HOW TO COMPLETE THIS TASK
This exercise calls for the data below to be retyped exactly, minus any images.

AVAILABLE DATA
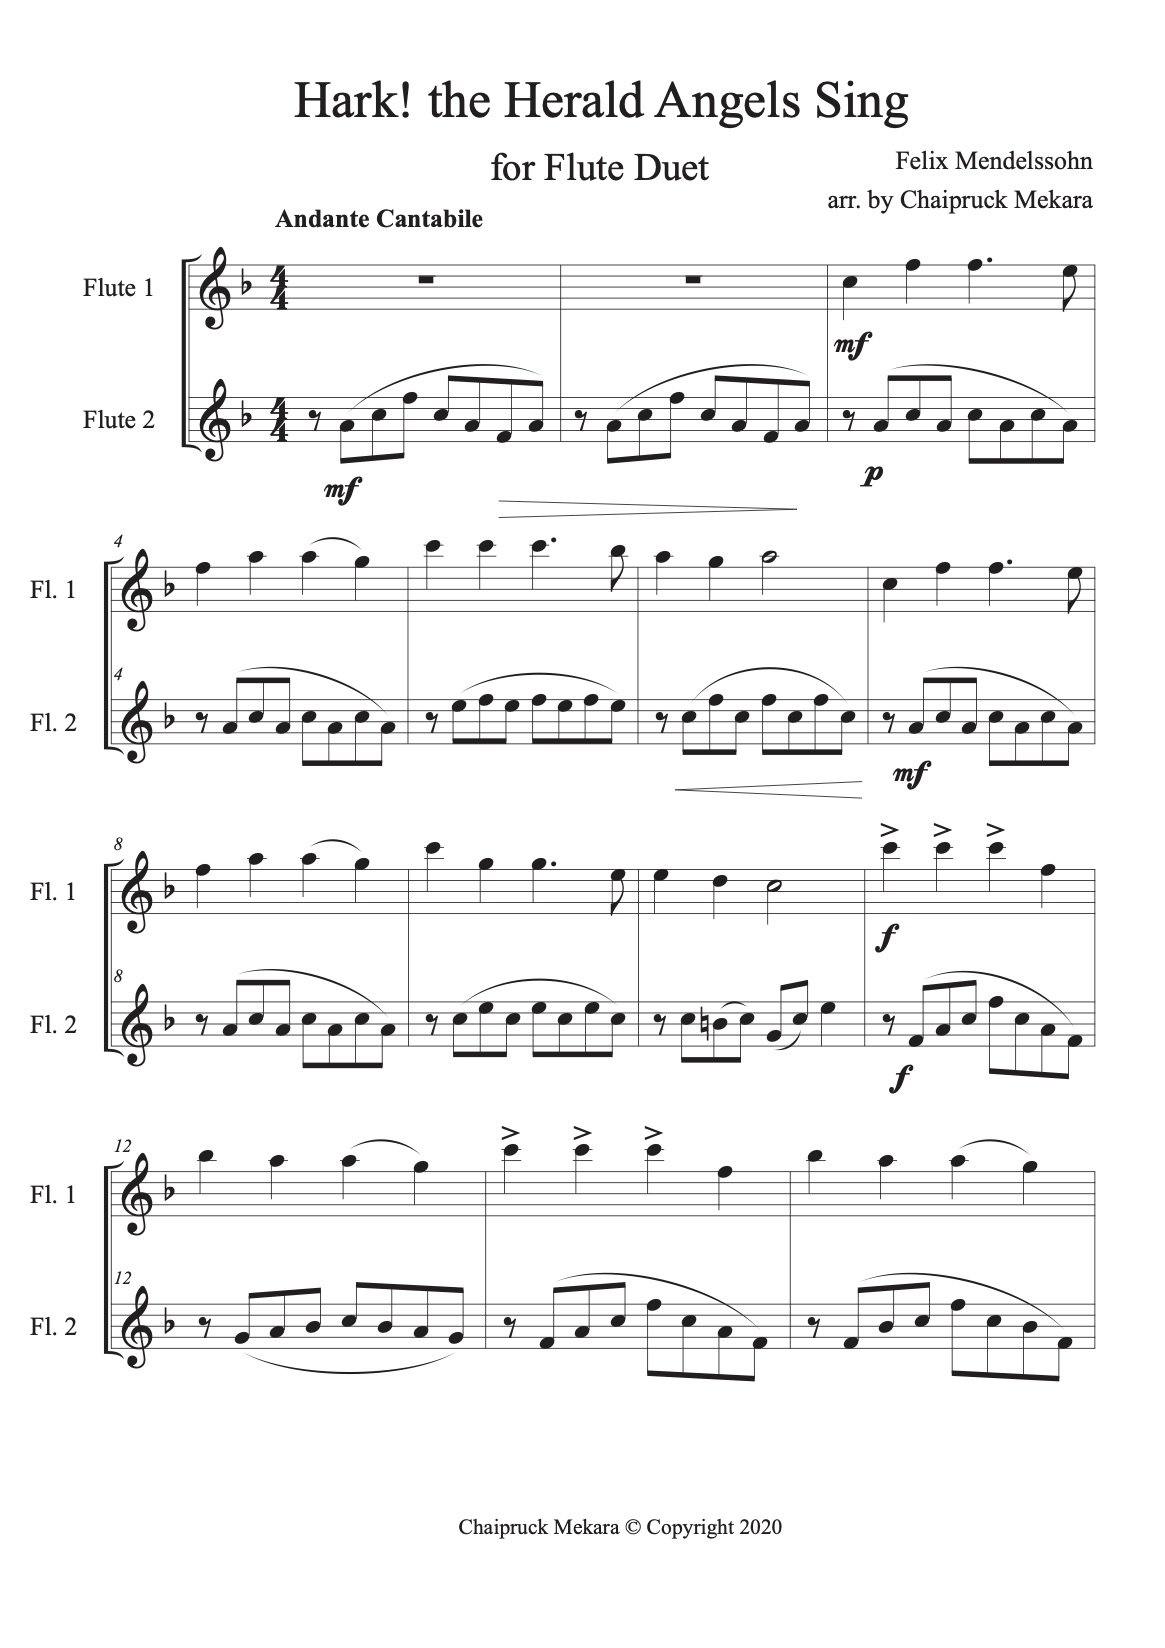 Hark! the Herald Angels Sing for Flute Duet (score+part) - ChaipruckMekara
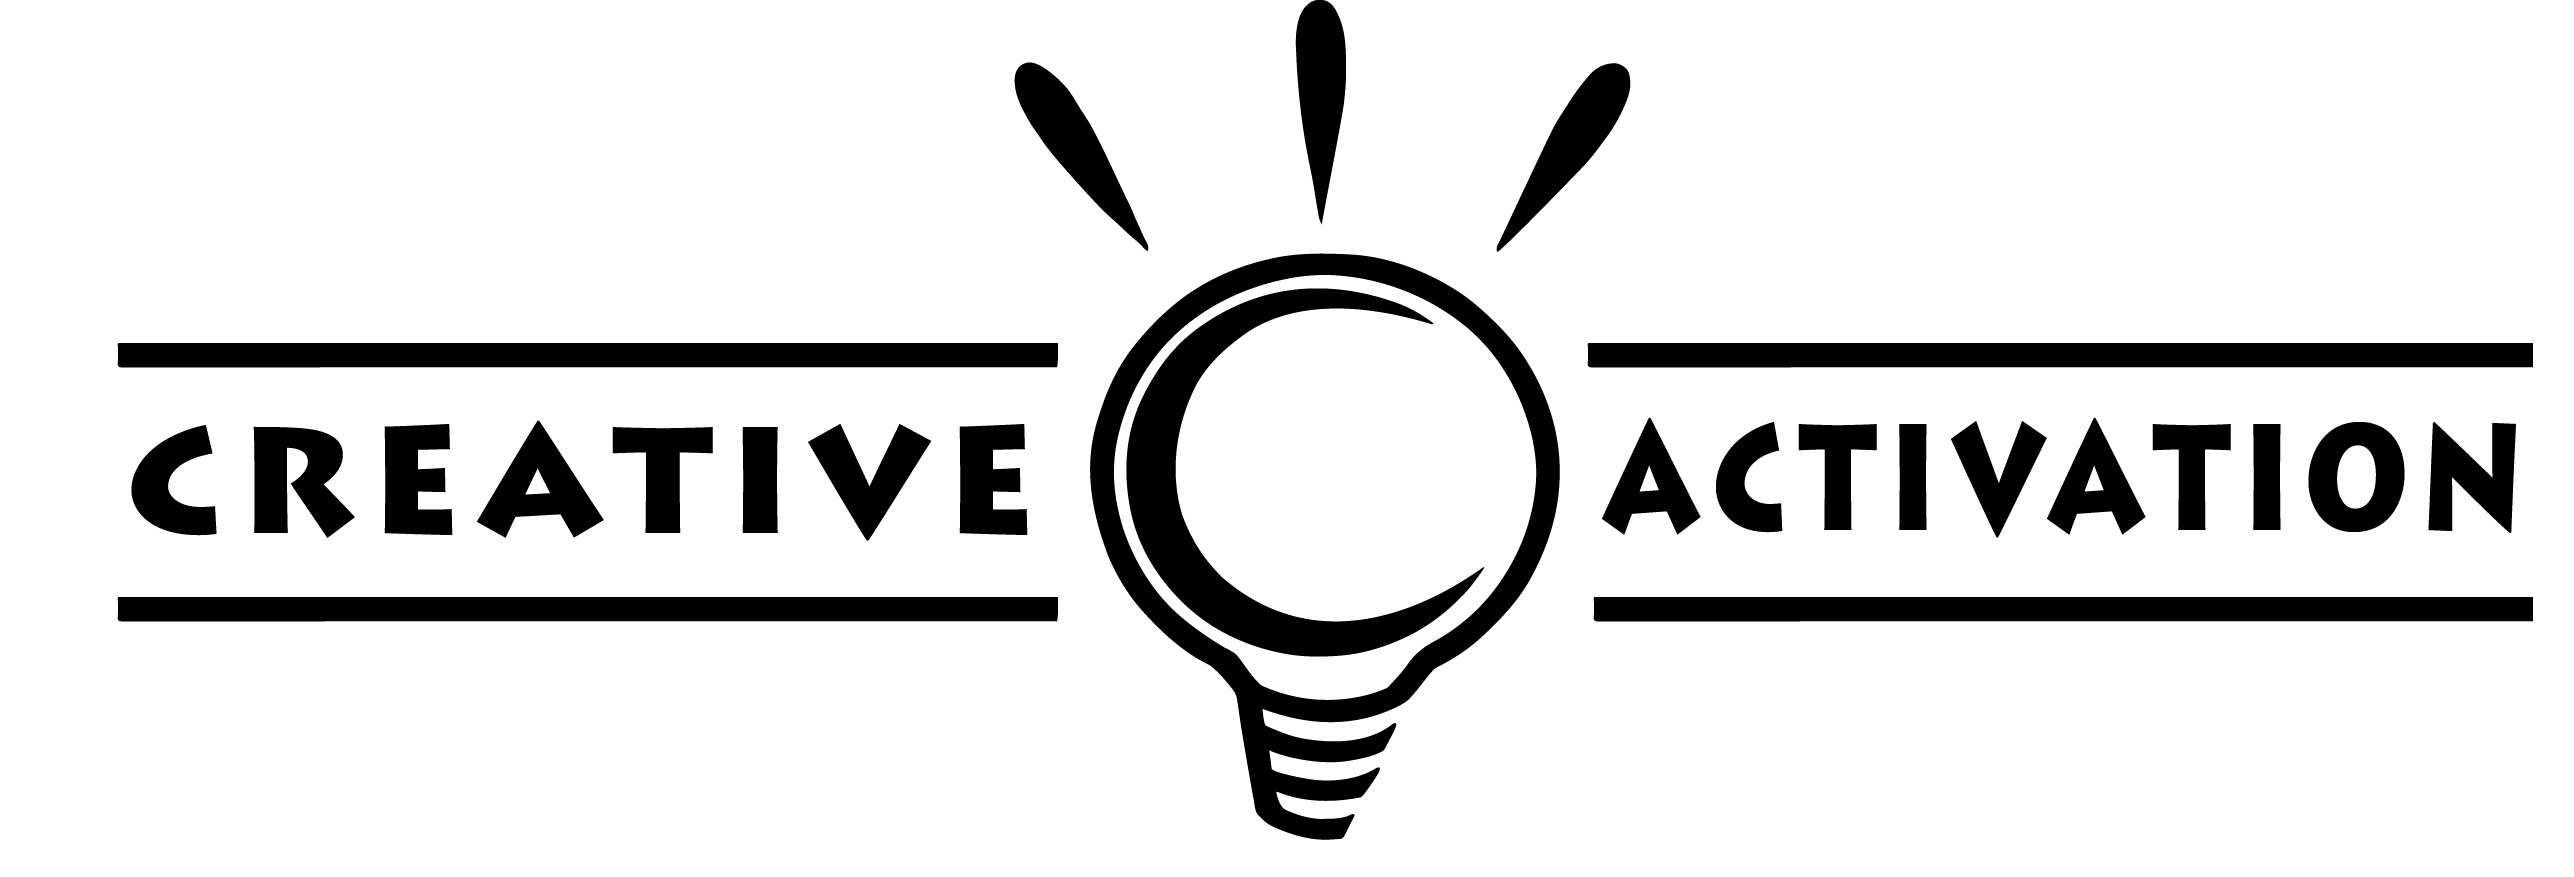 Creative Activation logo
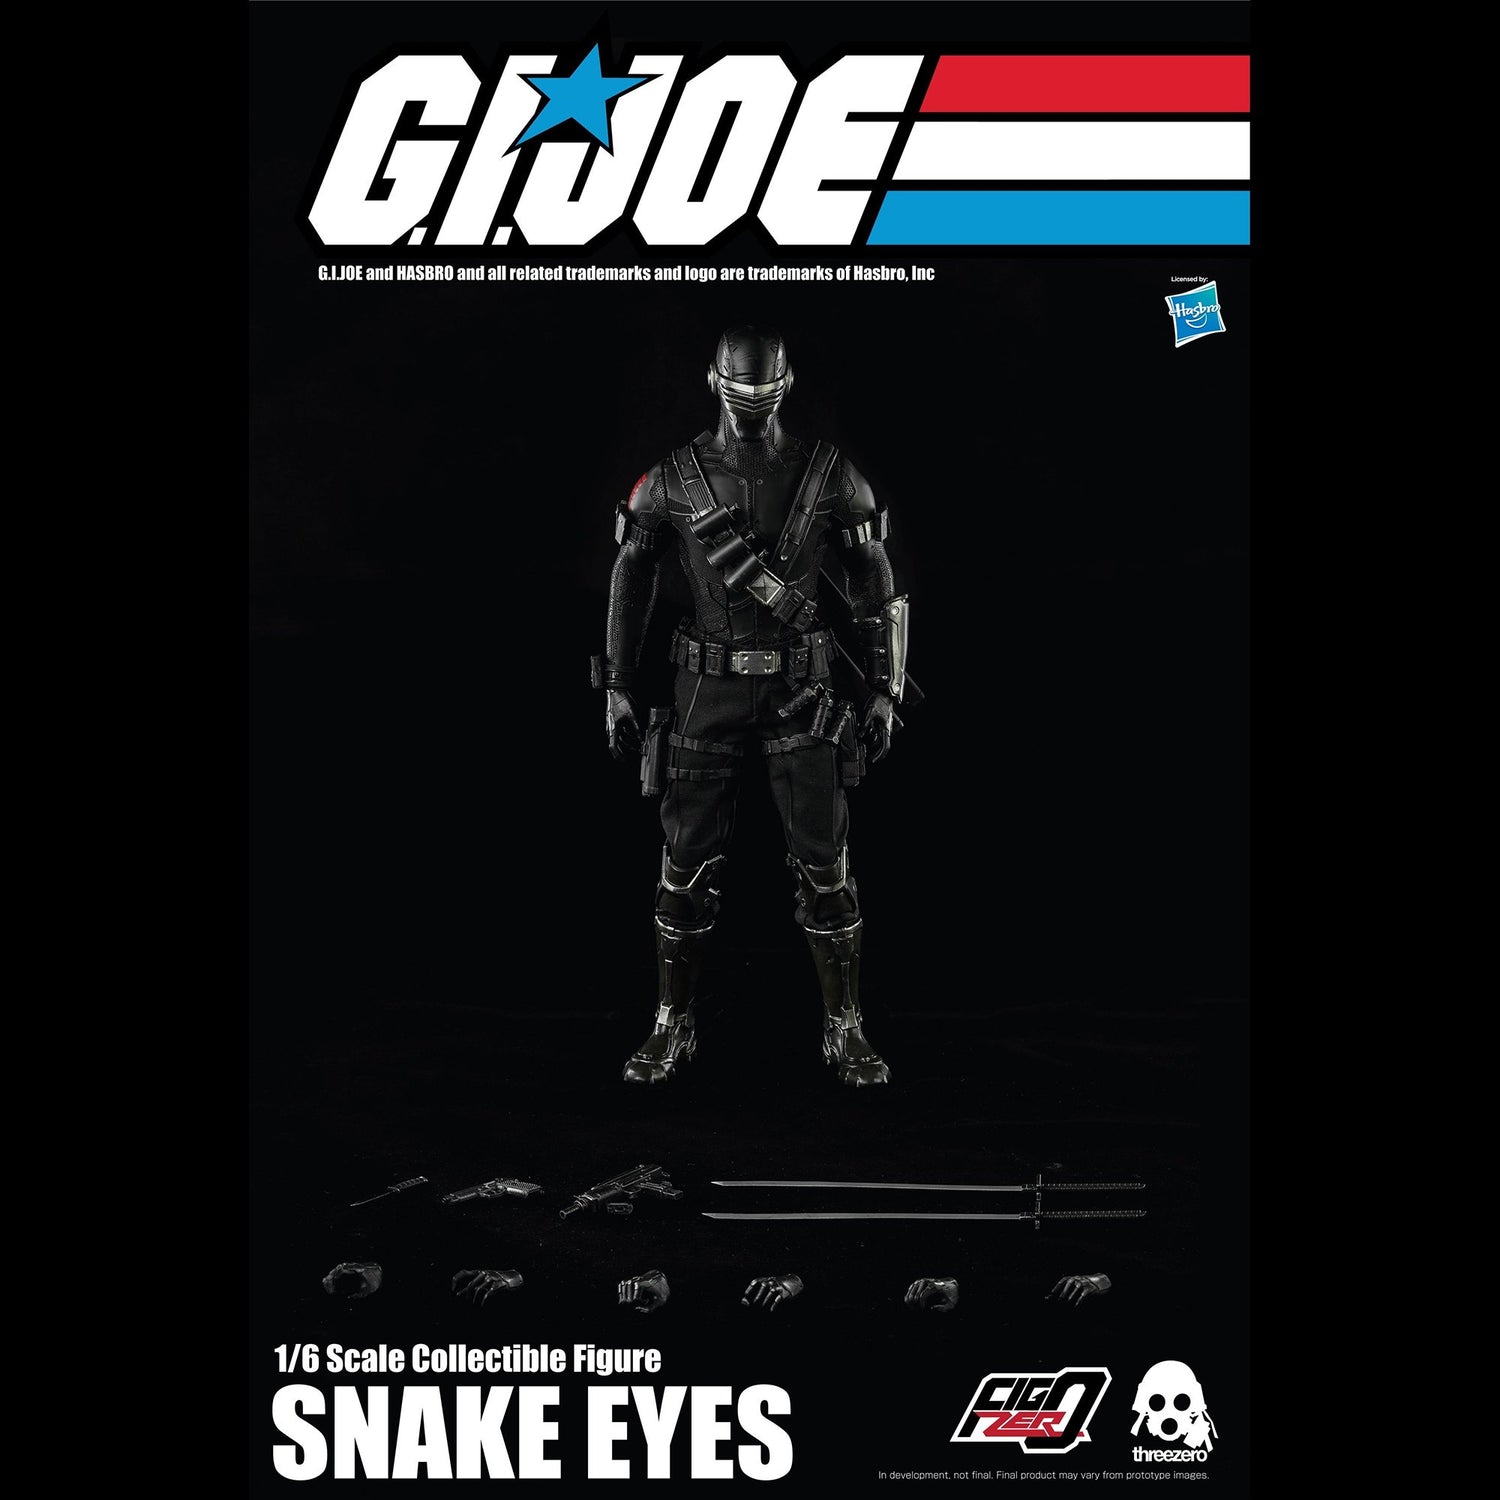 Hasbro Threezero G.I. Joe Snake Eyes 1/6 figure and accessories

FINISHED EXERCISE
 Hark! the Herald Angels Sing for Flute Duet (score+part) - ChaipruckMekara
 Creative Activation logo
 Hasbro Threezero G.I. Joe Snake Eyes 1/6 figure and accessories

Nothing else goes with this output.